WHAT IS REQUIRED:
All of the data, except its images, should be set down exactly as it appears.

RECORD EXCERPTS:
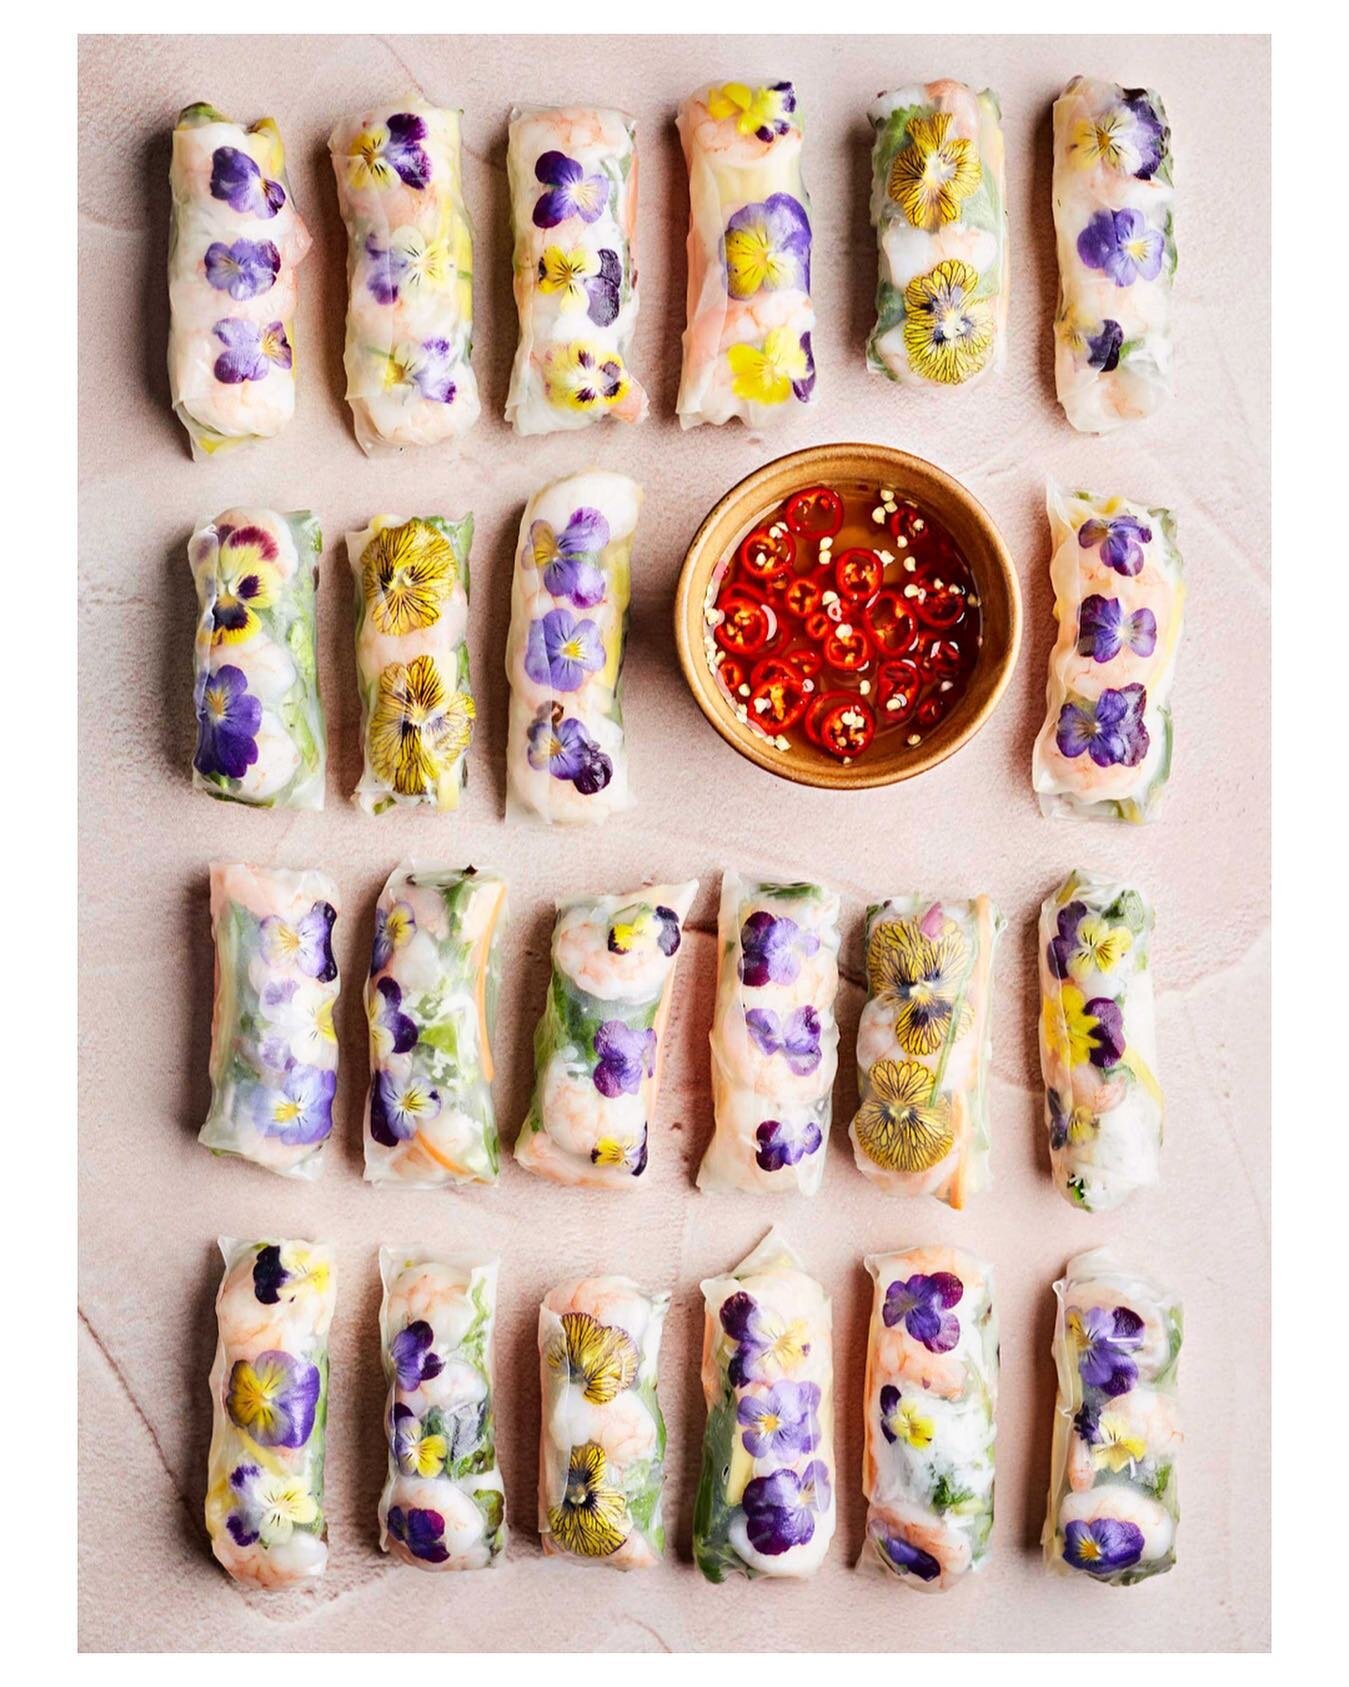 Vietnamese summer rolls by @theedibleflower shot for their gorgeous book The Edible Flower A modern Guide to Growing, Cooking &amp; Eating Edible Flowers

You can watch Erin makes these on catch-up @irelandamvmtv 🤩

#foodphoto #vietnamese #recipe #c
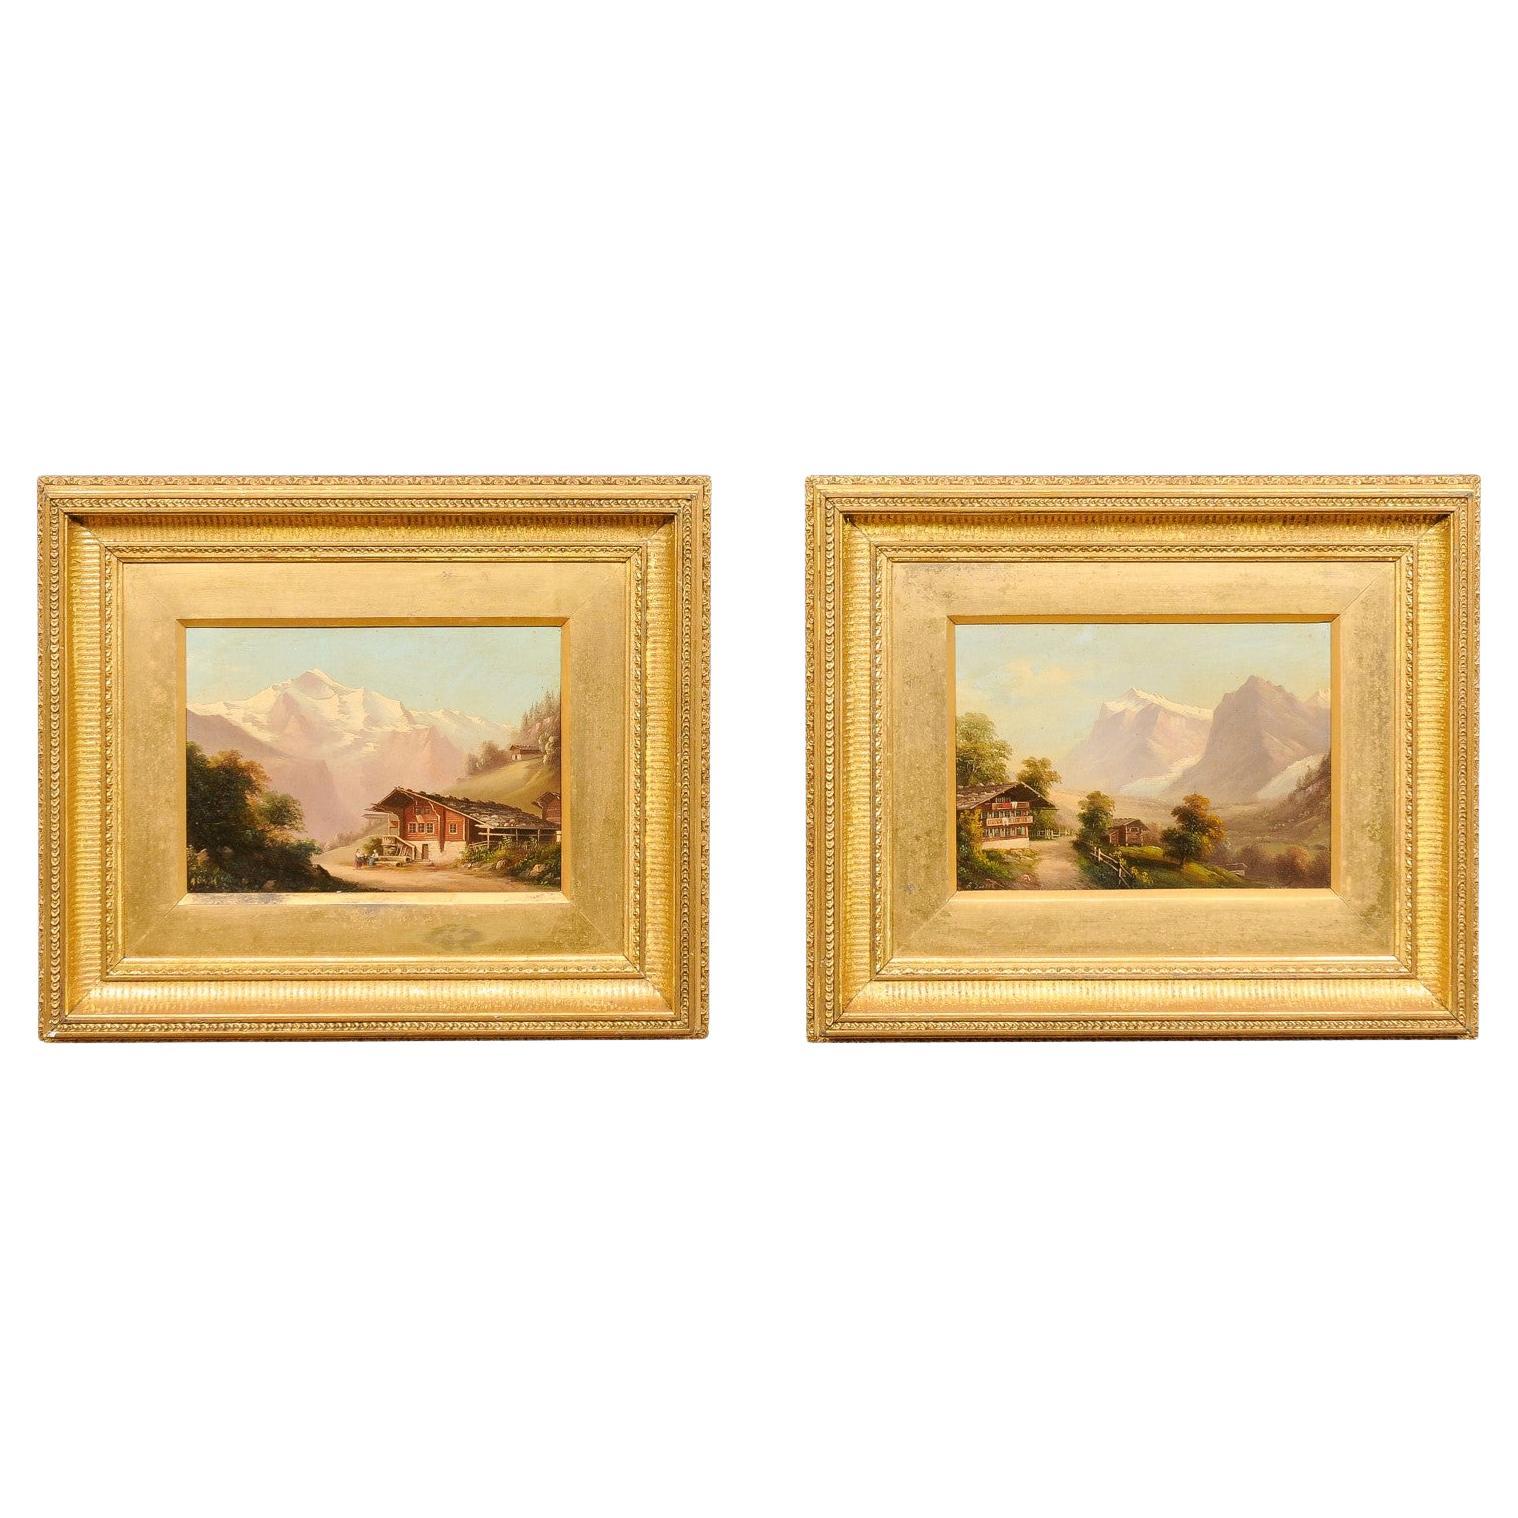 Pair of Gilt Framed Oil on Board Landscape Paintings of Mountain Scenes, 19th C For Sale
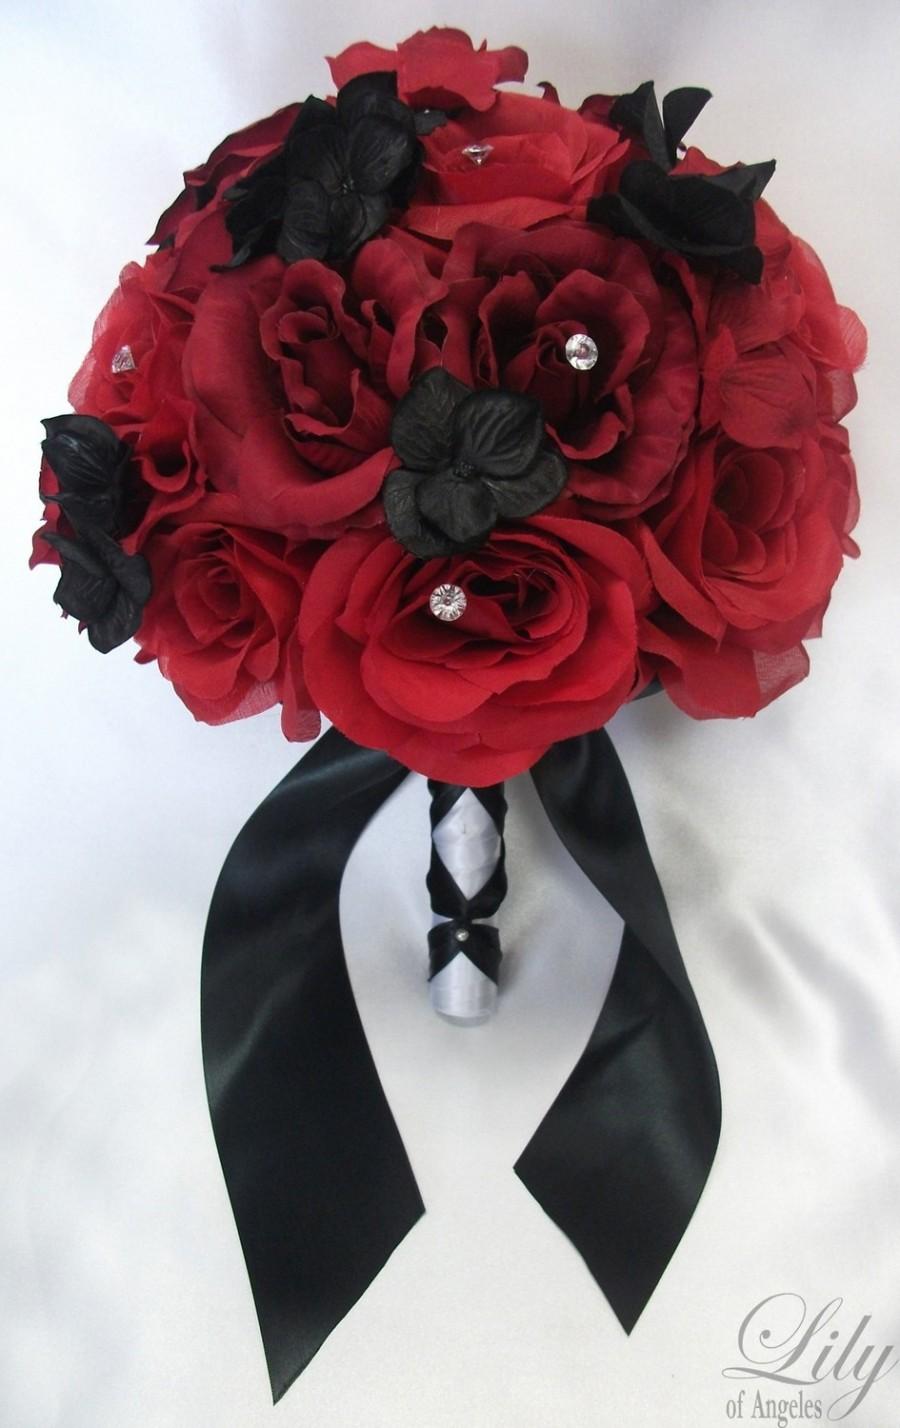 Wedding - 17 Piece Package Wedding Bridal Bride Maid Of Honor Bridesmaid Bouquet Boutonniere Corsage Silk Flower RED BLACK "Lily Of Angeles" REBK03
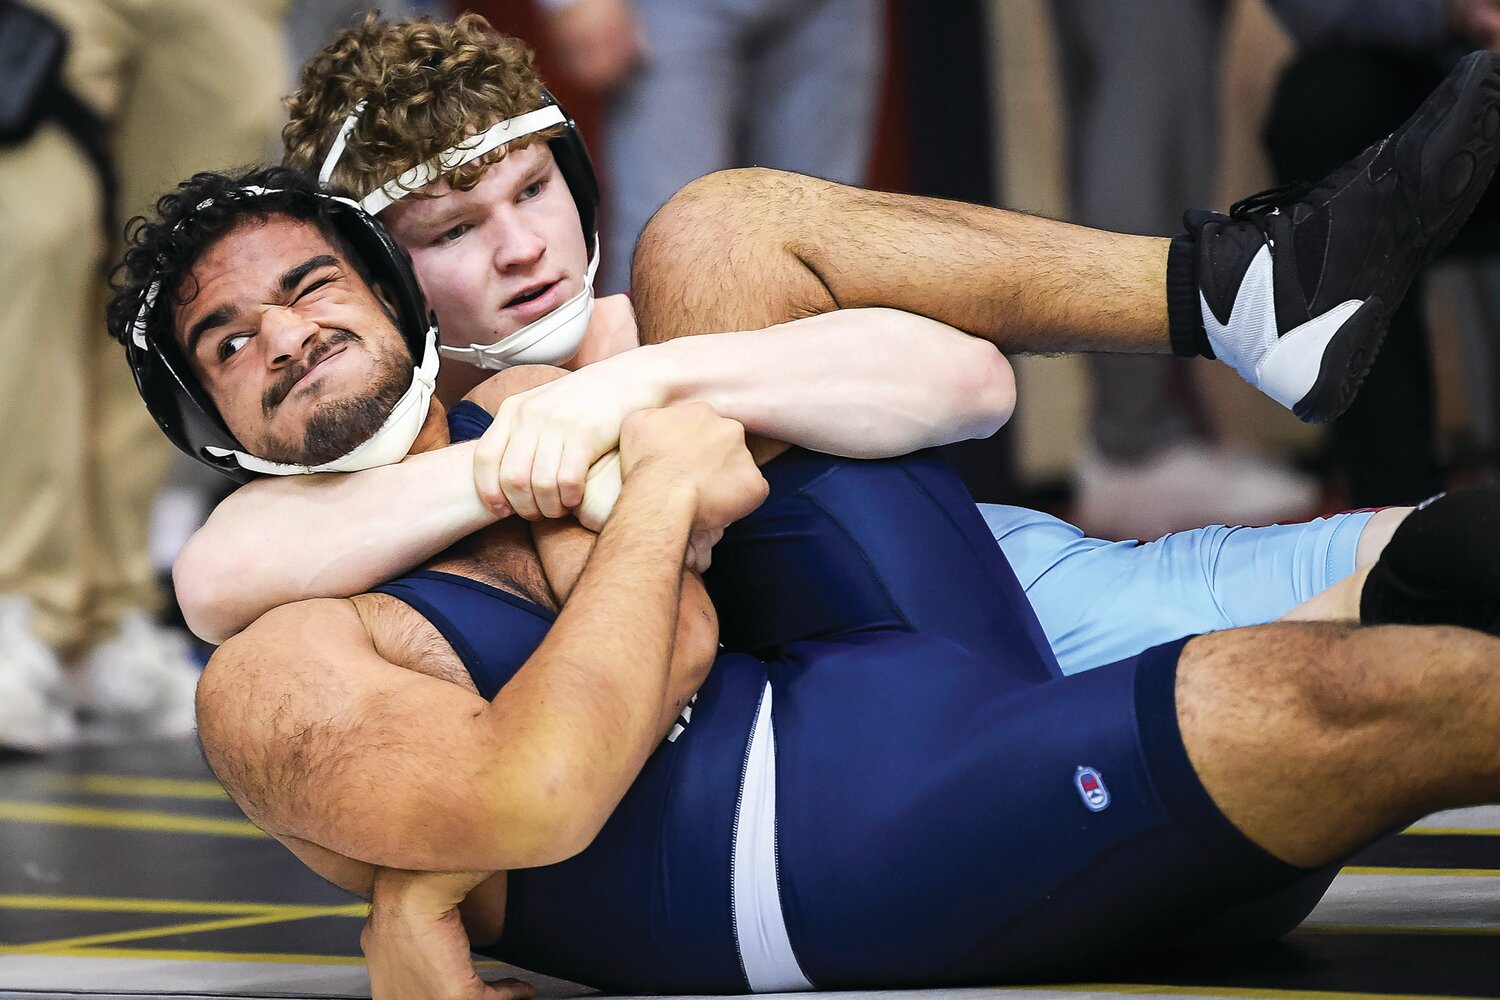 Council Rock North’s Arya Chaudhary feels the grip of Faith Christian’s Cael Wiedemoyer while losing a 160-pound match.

SOLUTION BELOW:
 Vietnamese summer rolls by @theedibleflower shot for their gorgeous book The Edible Flower A modern Guide to Growing, Cooking &amp; Eating Edible Flowers

You can watch Erin makes these on catch-up @irelandamvmtv 🤩

#foodphoto #vietnamese #recipe #c
 Pair of Gilt Framed Oil on Board Landscape Paintings of Mountain Scenes, 19th C For Sale
 Wedding - 17 Piece Package Wedding Bridal Bride Maid Of Honor Bridesmaid Bouquet Boutonniere Corsage Silk Flower RED BLACK "Lily Of Angeles" REBK03
 Council Rock North’s Arya Chaudhary feels the grip of Faith Christian’s Cael Wiedemoyer while losing a 160-pound match.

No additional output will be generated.